Des attentes qui devraient en effrayer certains alors que Thierry Solère, député Les Républicains en charge de l'organisation de ce vote, estime que tous les candidats ne se lanceront pas forcément dans la course. "Je veux rassurer, ce n'est pas parce qu'on dit qu'on sera candidat qu'on le sera vraiment", a-t-il assuré au micro de RFI.

Les têtes du parti se montrent

À l'heure actuelle, dix élus de droite ont officialisé leur candidature. François Fillon a été le premier à se lancer dès 2013. De son côté, Jean-François Copé a confirmé sa présence dans cette course électorale dimanche 14 février sur le JT de France 2. S'estimant sorti de l'affaire Bygmalion, l'ancien patron de l'UMP a décidé d'enfiler de nouveau son costume de politique après 18 mois de silence médiatique depuis sa démission de la présidence du parti en mai 2014.

Mais le député-maire de Meaux a encore du chemin à parcourir alors que François Fillon et Alain Juppé sont lancés depuis de longs mois dans cette course de fond. Ce dernier, ancien Premier ministre de Jacques Chirac et actuel maire de Bordeaux, domine les sondages à l'heure actuelle et fait office de grandissime favori en se positionnant notamment en faveur d'un rassemblement avec le centre. Ce dernier peut aussi se vanter d'avoir séduit un soutien de choix en recueillant les faveurs de Jean-Pierre Raffarin. Bruno Le Maire, en lice depuis le 23 février, a quant à lui des bons chiffres dans les sondages avec près de 17% d'intentions de vote fin mars 2016.
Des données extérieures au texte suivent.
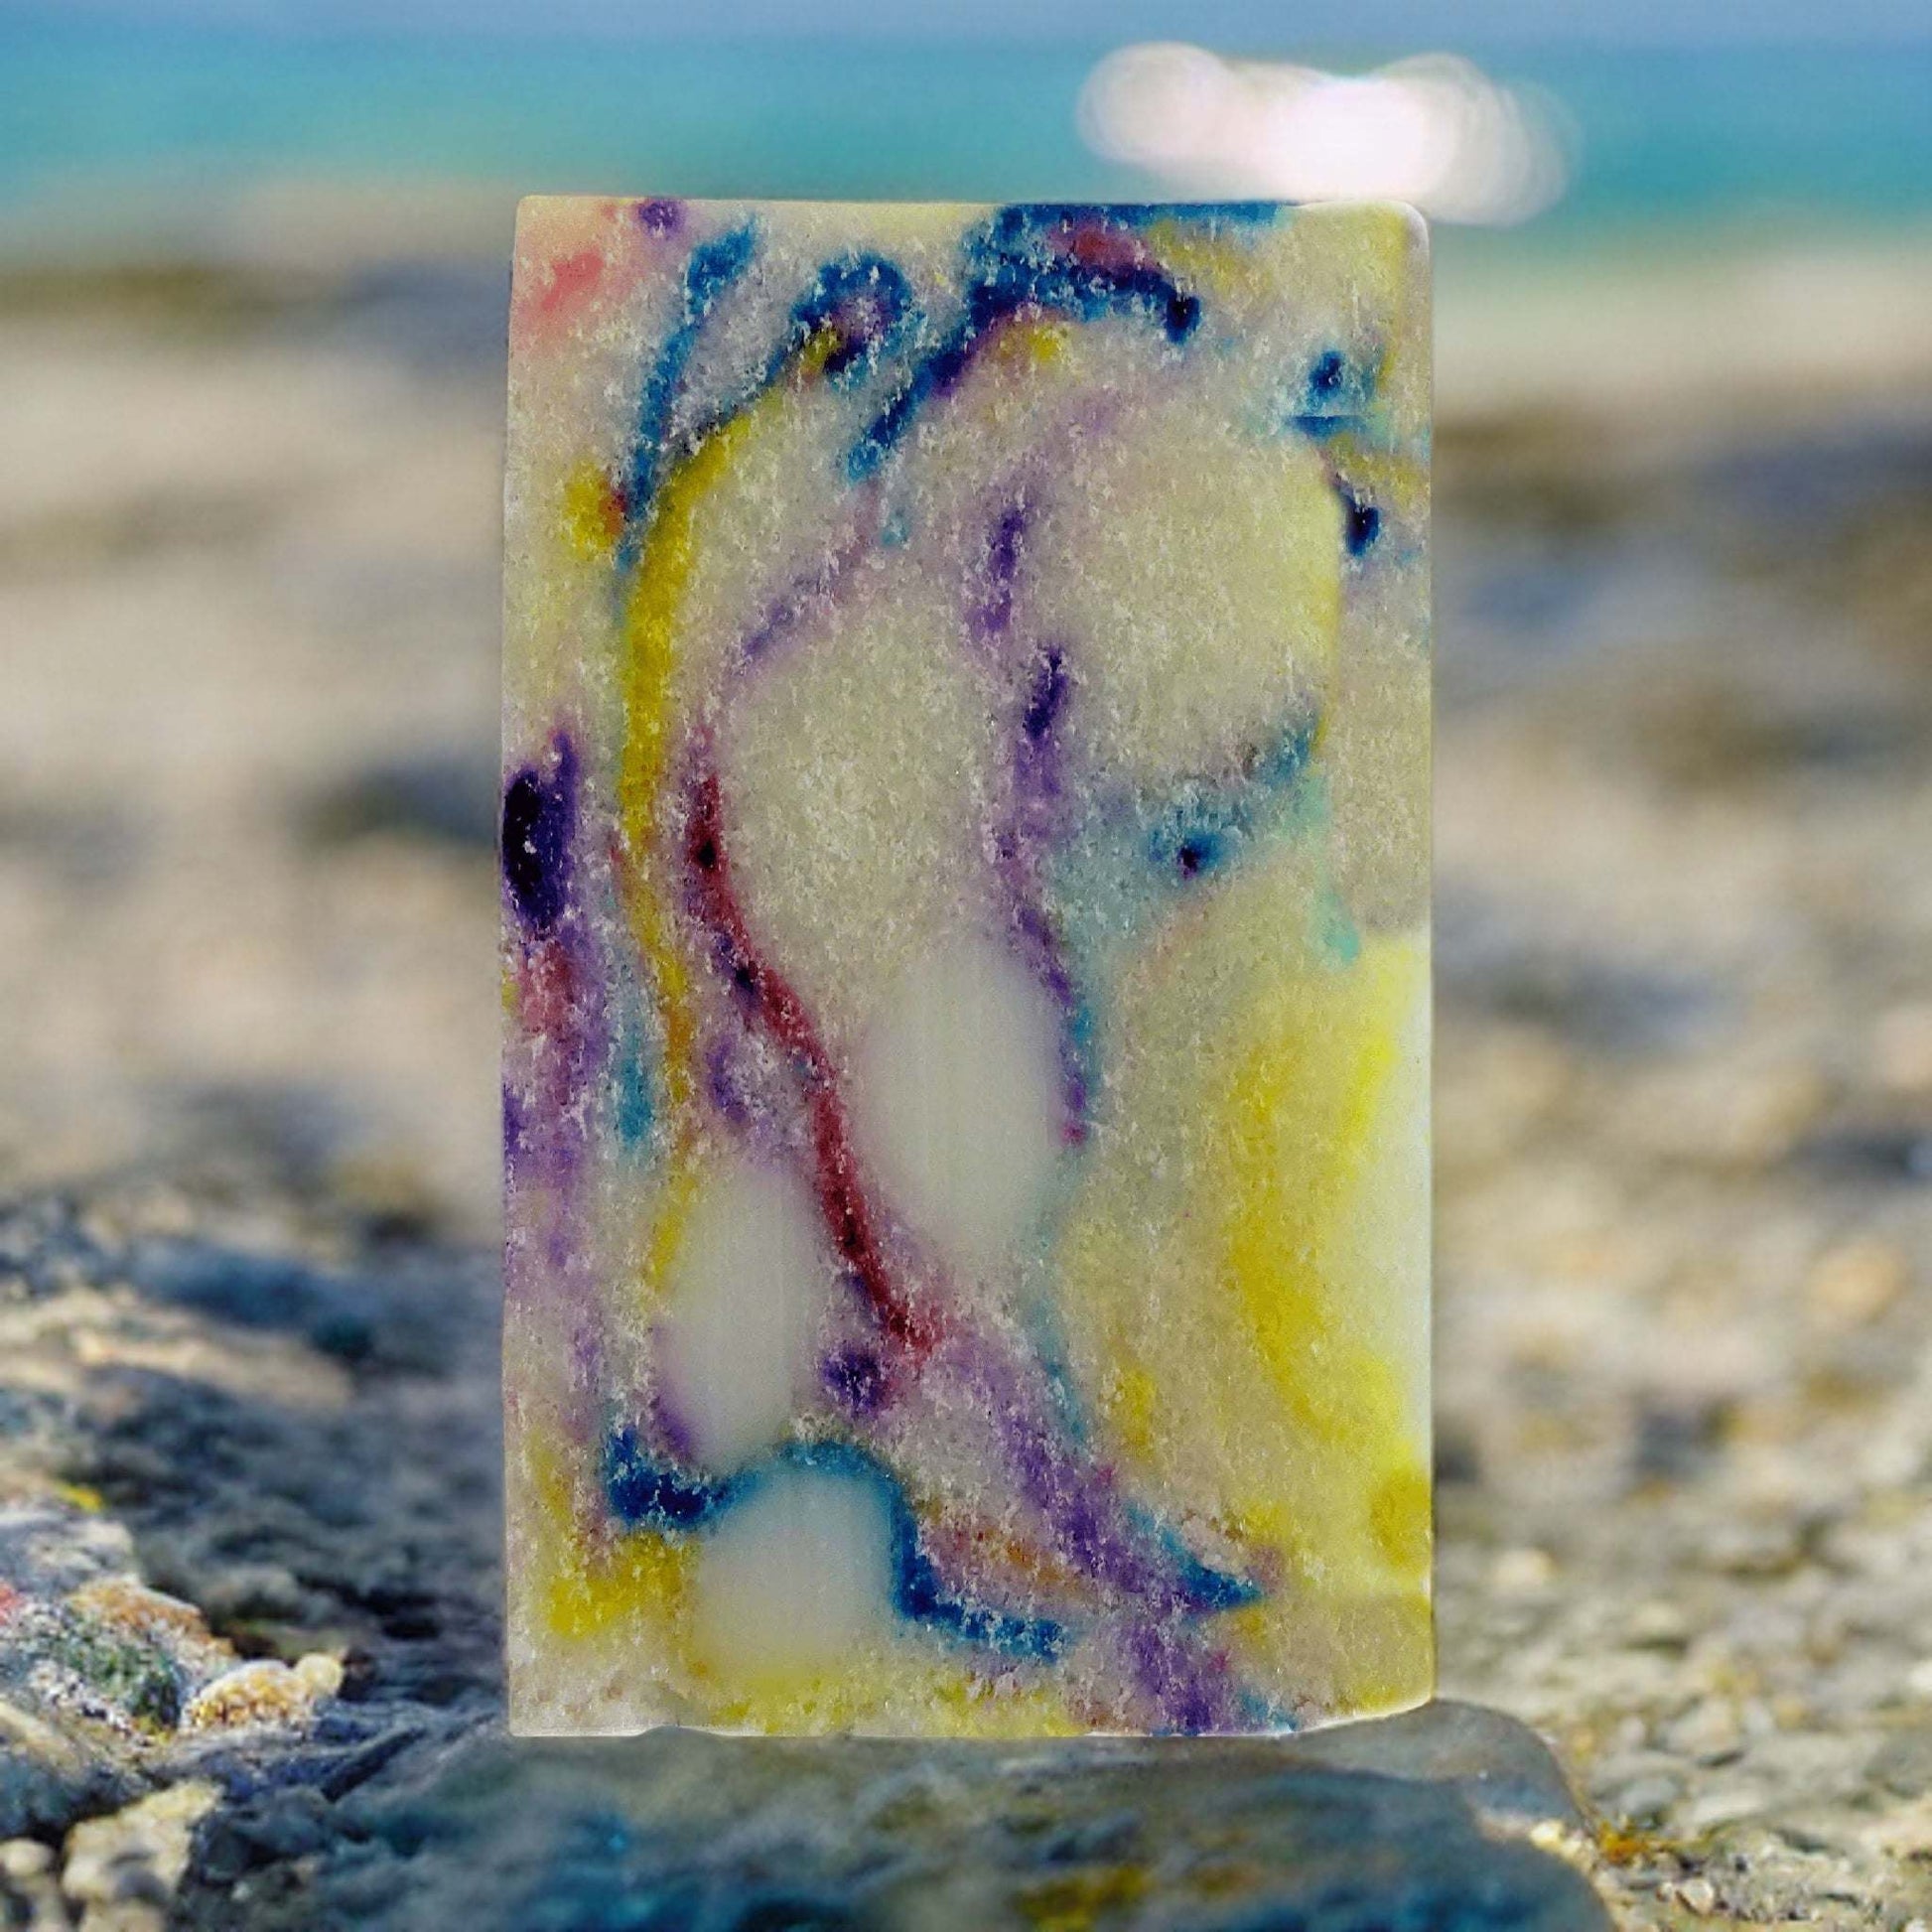 Experience the magic with our Unicorn Dreams Sugar Scrub Shower Bar! It's not just cleansing, it's an enchanting journey.

Ils sont candidats mais pourraient abandonner

Nathalie Kosciusko-Morizet s'est ouvertement opposée à Nicolas Sarkozy et a perdu, en décembre dernier, sa place de numéro 2 chez Les Républicains, s'est portée candidate mardi 8 mars. Les poids lourds du parti Les Républicains devraient aussi être en concurrence avec des personnalités a priori moins influentes. Nadine Morano, par exemple, entend bien se faire entendre après avoir perdu son investiture lors des élections régionales dans le Grand-Est ou encore Frédéric Lefebvre, député et ancien "porte-flingue" de Nicolas Sarkozy. Ces deux-là se sont déclarés en janvier dernier. Deux anciens opposants au mariage pour tous veulent également prendre part à ce scrutin : Hervé Mariton, qui avait recueilli plus de 6% lors de l'élection pour la présidence de l'UMP en 2014, et Jean-Frédéric Poisson, qui a succédé à Christine Boutin à la tête du Parti Chrétien-Démocrate.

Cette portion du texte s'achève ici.